Миллион франков, обещанный нашедшему Александра Павловича живым или мертвым или указавшему его похитителей, остался невостребованным.

4

От денег, полученных за перевод никому не нужной книги, за вычетом всех расходов почти ничего не осталось. И все же Анохин, не желая натыкаться на знакомых в своем районе, повел Ксению в ресторан «Петроград», тот, что находился рядом с собором на рю Дарю. Он предложил спуститься в подвальное помещение, где находились собственно ресторанные залы, но Ксения решительно воспротивилась (там обычно собиралась знать, окружающие ее завсегдатаи церкви и кабака, проводящие внизу дни рождения и тризны, непременно отмечающие все юбилеи членов дома Романовых и победные даты из истории старой России).
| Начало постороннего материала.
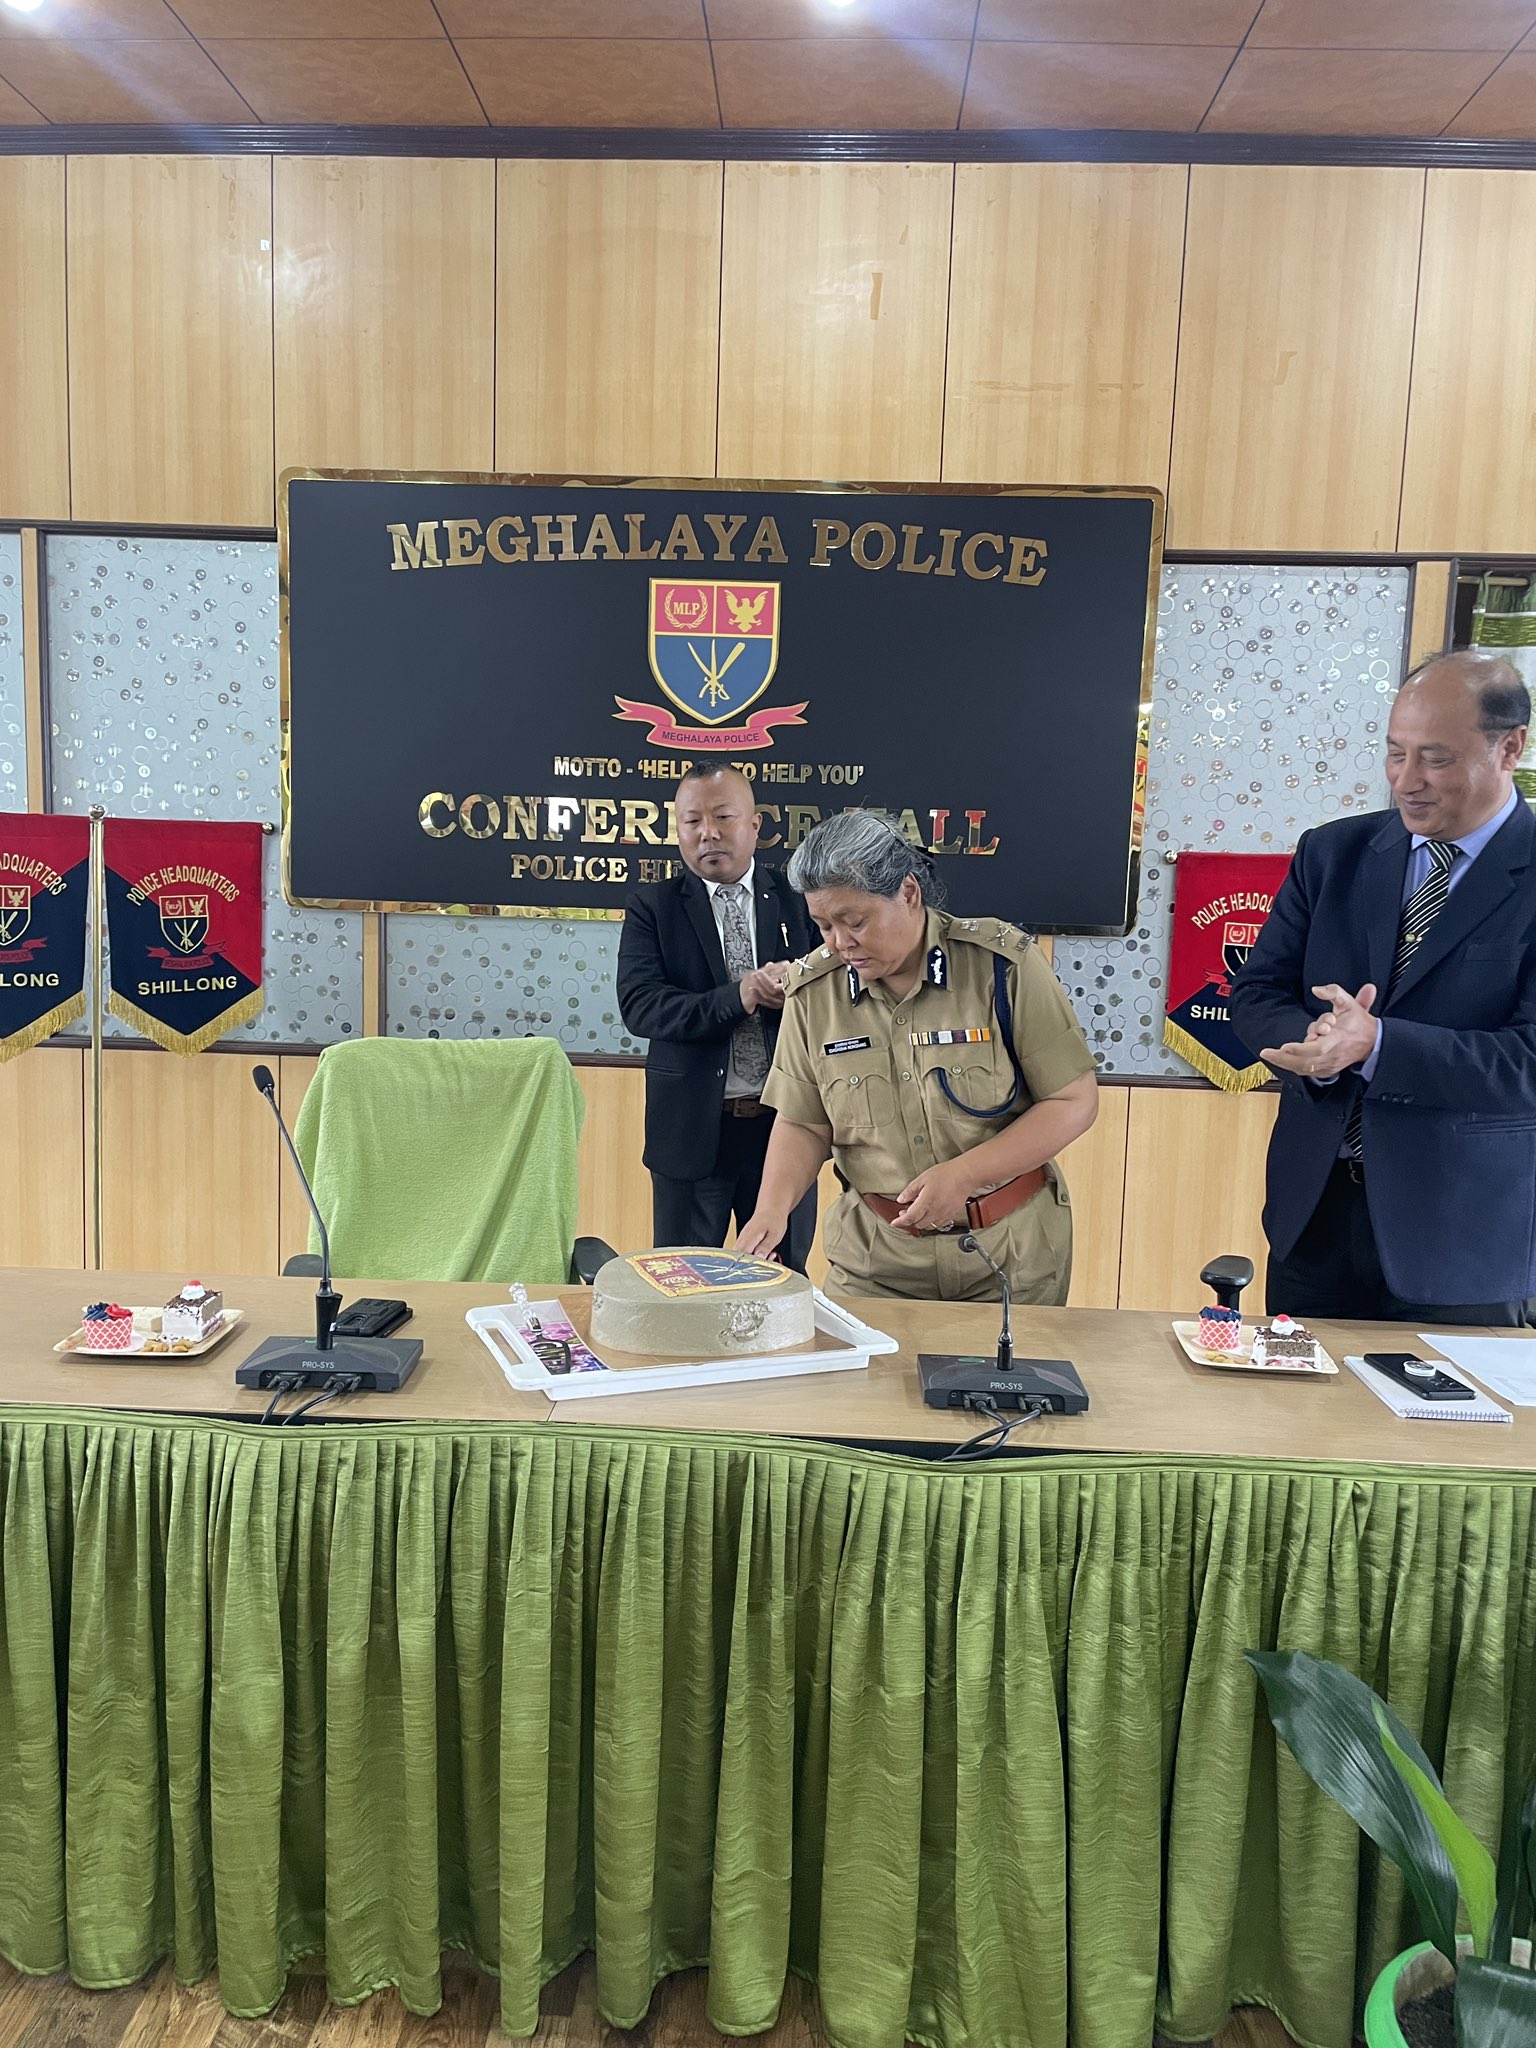 DGP to connect with public every Thursday

Наверху ресторан занимал две комнаты, из которых одна являлась и магазином, и складом, вторая походила на уютную семейную столовую. Многие посетители, перекусив здесь на скорую руку, покупали в магазине «настоящую русскую еду»: черный ржаной хлеб, вологодское масло, икру и калачи, жирную сельдь, крошечные соленые огурчики — «нежинские», как они назывались когда-то дома...

И Анатолий, и Лев не любили ходить сюда: «настоящая русская еда» среди избранной публики и по-европейски вымуштрованных официантов казалась ненастоящей, искусственной.

Но сегодня Анохин решил, что слова, произнесенные им здесь, у врат главного православного храма, приобретут особый смысл и вес. Ксения не была очень набожна, но домашнее воспитание в княжеской семье наложило, конечно, особый отпечаток на се жизнь, мораль, отношение к определенным церковным догмам и заповедям. И ничто не могло поколебать этого, даже все пережитое и в Крыму, и в Константинополе, и на Балканах...

Именно тут Лев ей первой откровенно рассказал о решении вернуться домой, в Россию. О решении, принятом еще в те дни, когда Белопольская поступила на службу к художнику и он понял, что совсем не нужен ей. Анохин не поведал о желании уехать даже Грибовскому. Зачем испытывать судьбу? Может, и не выйдет ничего? Лев и не подозревал, а вот коснулось его это испытание — и оказался он обыкновенным суеверным человеком, как и многие его соотечественники-эмигранты...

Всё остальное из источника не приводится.